Let $B$ be the basis of $\mathbb{R}^2$ consisting of the vectors
${\begin{bmatrix}
5\\
-2
\end{bmatrix}
,
\begin{bmatrix}
2\\
3
\end{bmatrix}}$
and let $C$ be the basis consisting of
${\begin{bmatrix}
-2\\
3
\end{bmatrix} ,
\begin{bmatrix}
1\\
-2
\end{bmatrix}}$
I tried doing $ P =C*B^{-1}$ in which I got
$\begin{bmatrix}
\frac{-4}{19} & \frac{9}{19}\\
\frac{5}{19} & \frac{-16}{19}
\end{bmatrix}$
but when I went to check it, it was wrong.
Best Answer
Note that for any $x \in \mathbb R^2$, we can write $x = x_1(5,-2) + x_2(2,3) = (5x_1 + 2x_2, 3x_2 - 2x_1)$, and it can also be written as $x = x_3(-2,3) + x_4(1,-2) =(x_4-2x_3,3x_3-2x_4)$.
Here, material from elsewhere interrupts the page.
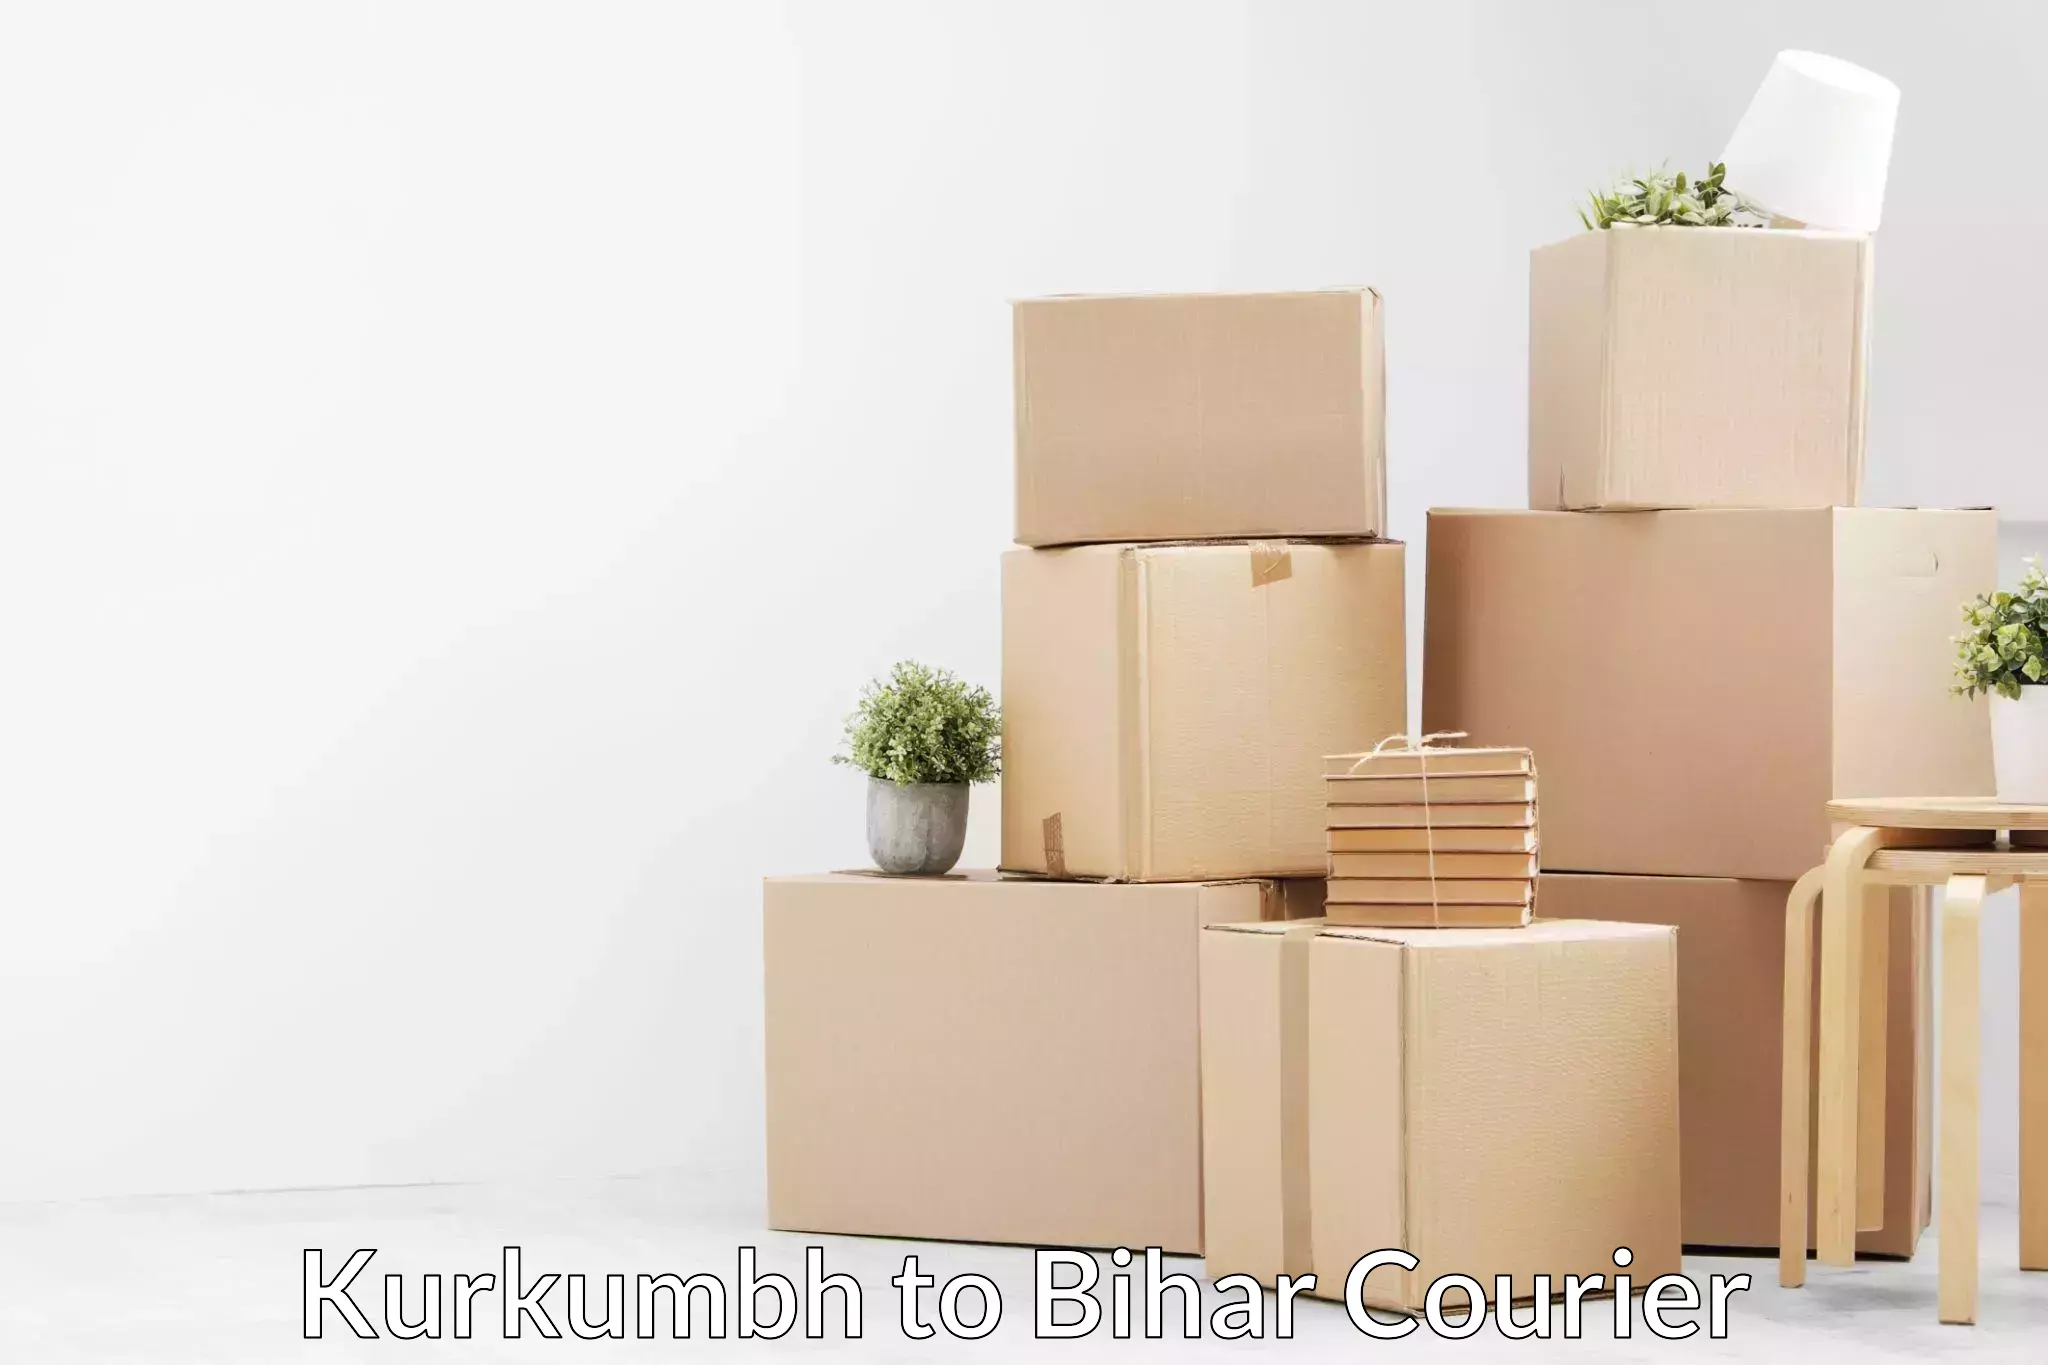 Professional movers and packers Kurkumbh to Bihar
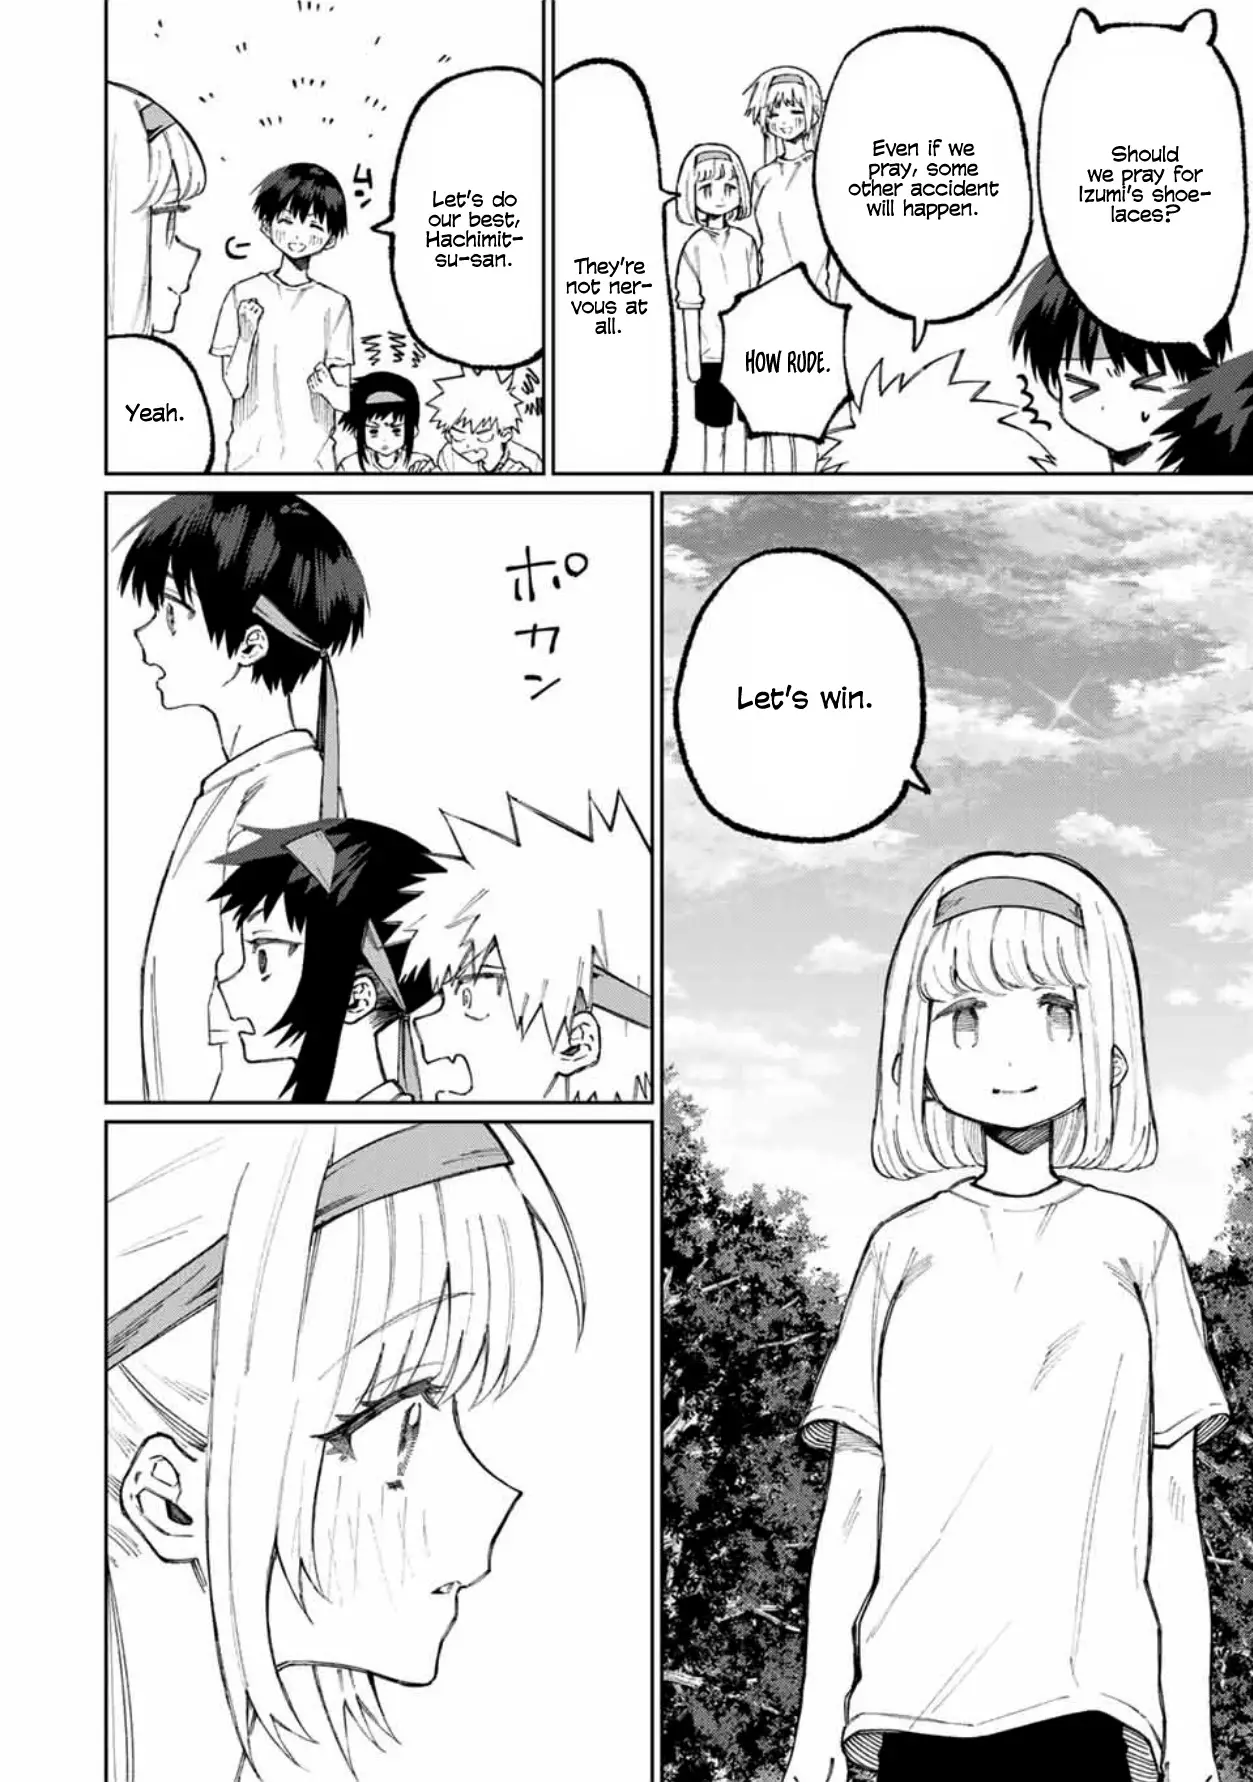 Shikimori's Not Just A Cutie - 53 page 3

Equating these, we get:$5x_1+2x_2 = x_4-2x_3, 3x_2-2x_1 = 3x_3-2x_4$. Now, solve for $x_3,x_4$, we get : $$ x_3 = -8x_1-7x_2 , x_4 = -11x_1-12x_2 $$ and therefore, $$ \begin{pmatrix} x_3 \\ x_4 \end{pmatrix} = \begin{pmatrix} -8 \quad -7 \\ -11 \quad -12\end{pmatrix}\begin{pmatrix}x_1 \\ x_2\end{pmatrix} $$ where $x_3,x_4$ is the representation of $x$ in basis $C$, and $x_1,x_2$ is the representation of $x$ in basis $B$, both as column vectors.